馬村は自分の気持ちをストレートにすずめに伝えていますが、獅子尾は本心を隠してしまいます。
獅子尾がすずめを愛しているというのは観る者の視点であって、すずめの視点ではありません。
すずめの視点から見たら、獅子尾は自分への愛が冷めた男性です。
うそだ。私はいまさらそんな言葉信じない
引用:ひるなかの流星/配給会社:東宝
すずめの視点で映画を観ていくと、獅子尾に上記のようにいった気持ちが痛いほど理解できます。
自分を一度振った癖に何を今さら言っているの、という怒りすら感じますね。
自分の心に嘘をついてきた獅子尾の言葉は、価値が軽いものとなってしまったのです。
一方、すずめの心に響いたのは一貫してストレートに想いを口に出していた馬村の言葉でした。
星のような存在が理想
すずめは獅子尾をひるなかの流星に例えました。
そして馬村とは星のような存在になりたいと締めくくっています。
ひるなかの流星が意味するもの
タイトルにもなっている「ひるなかの流星」は、すずめにとってなくてはならない特別なものです。
初恋があなたでよかった
引用:ひるなかの流星/配給会社:東宝
獅子尾に告げた上記の台詞は、初恋の思い出を永遠に大切にしていくという気持ちを含んでします。

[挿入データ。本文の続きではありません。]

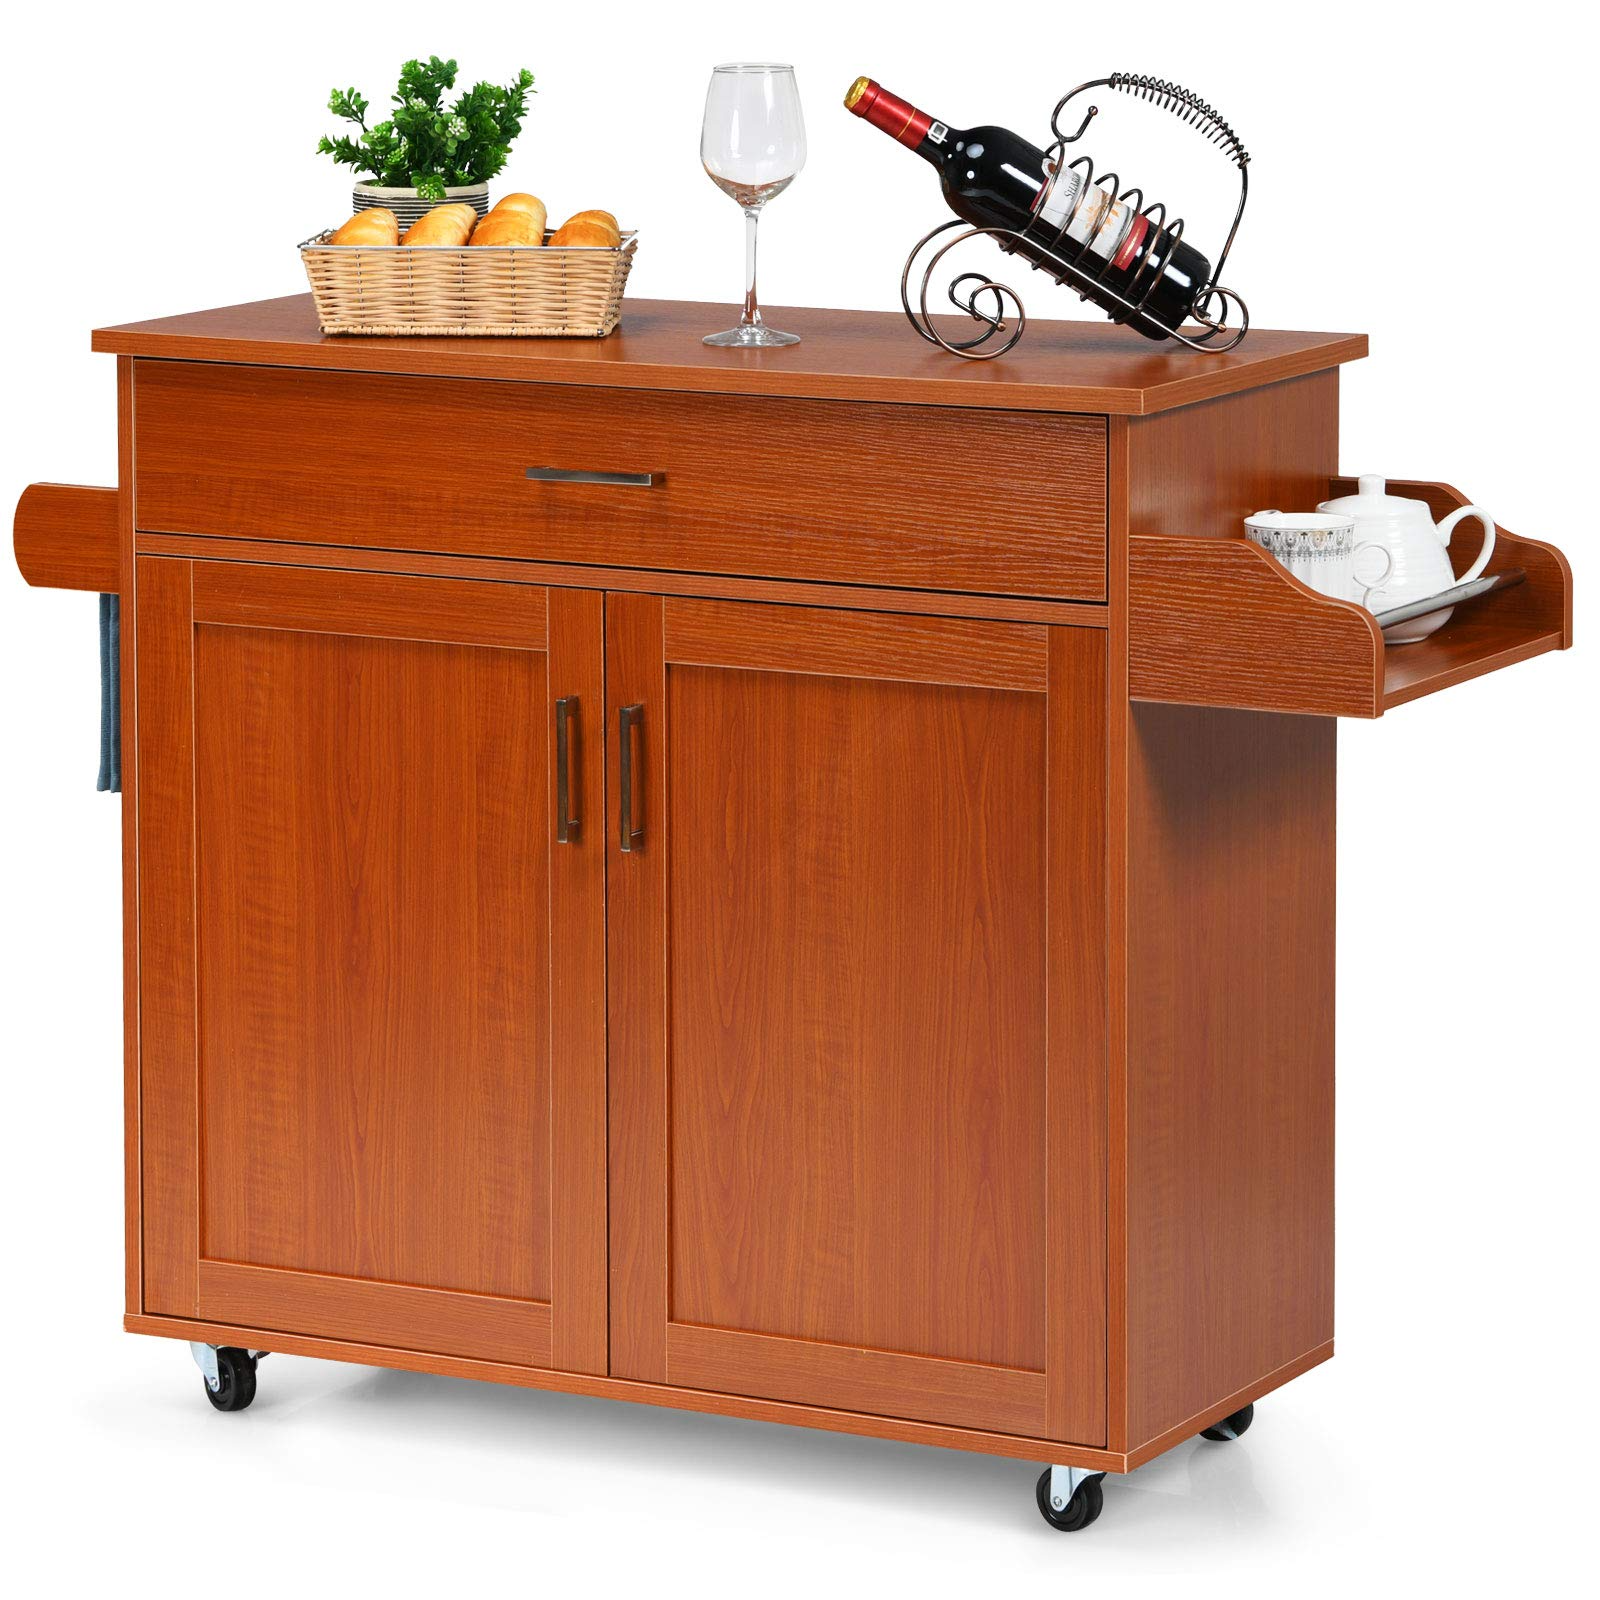 Giantex Kitchen Island, Rolling Kitchen Cart with Spice and Towel Rack, Large Drawer & 2-Door Storage Cabinet

ひるに偶然見ることのできる流星は、瞬時に心を震わせ脳裏に焼き付きますが一瞬で姿を消してしまいます。
ひるなかの流星は、獅子尾でありすずめの大切な初恋そのものです。
まるで夢を見ていたかのような、あっという間の初恋だったことでしょう。
ひるの星のような存在
いつもずっと側にいて、その手を笑顔をあなたのぜんぶ
何年後も一番近くで見てるから
君にとっての
昼日中の星のような そんな存在に
引用:ひるなかの流星/配給会社:東宝
映画の締めくくりの台詞は、馬村を選んだ理由であり本作品のメッセージでもあります。
すずめが選んだ相手は、いつも側にいてくれる人でした。
ここでの側とは物理的な距離のことではなく、心の距離のことを指しています。
自分の中を一瞬で抜けるような恋ではなく、ずっとそこにいる星のように、ずっと側で見守ってくれる存在……。
ずっと心を寄せてくれる人が自分を幸せにしてくれる人なのです。
素直な気持ちで恋愛しよう
「ひるなかの流星」は三角関係に悩むすずめを通して、恋人の本質を訴えかけています。
流星のように現れた憧れの男性と、いつも心を寄せてくれる男性の存在は「恋人」というものの本質を投げかけていました。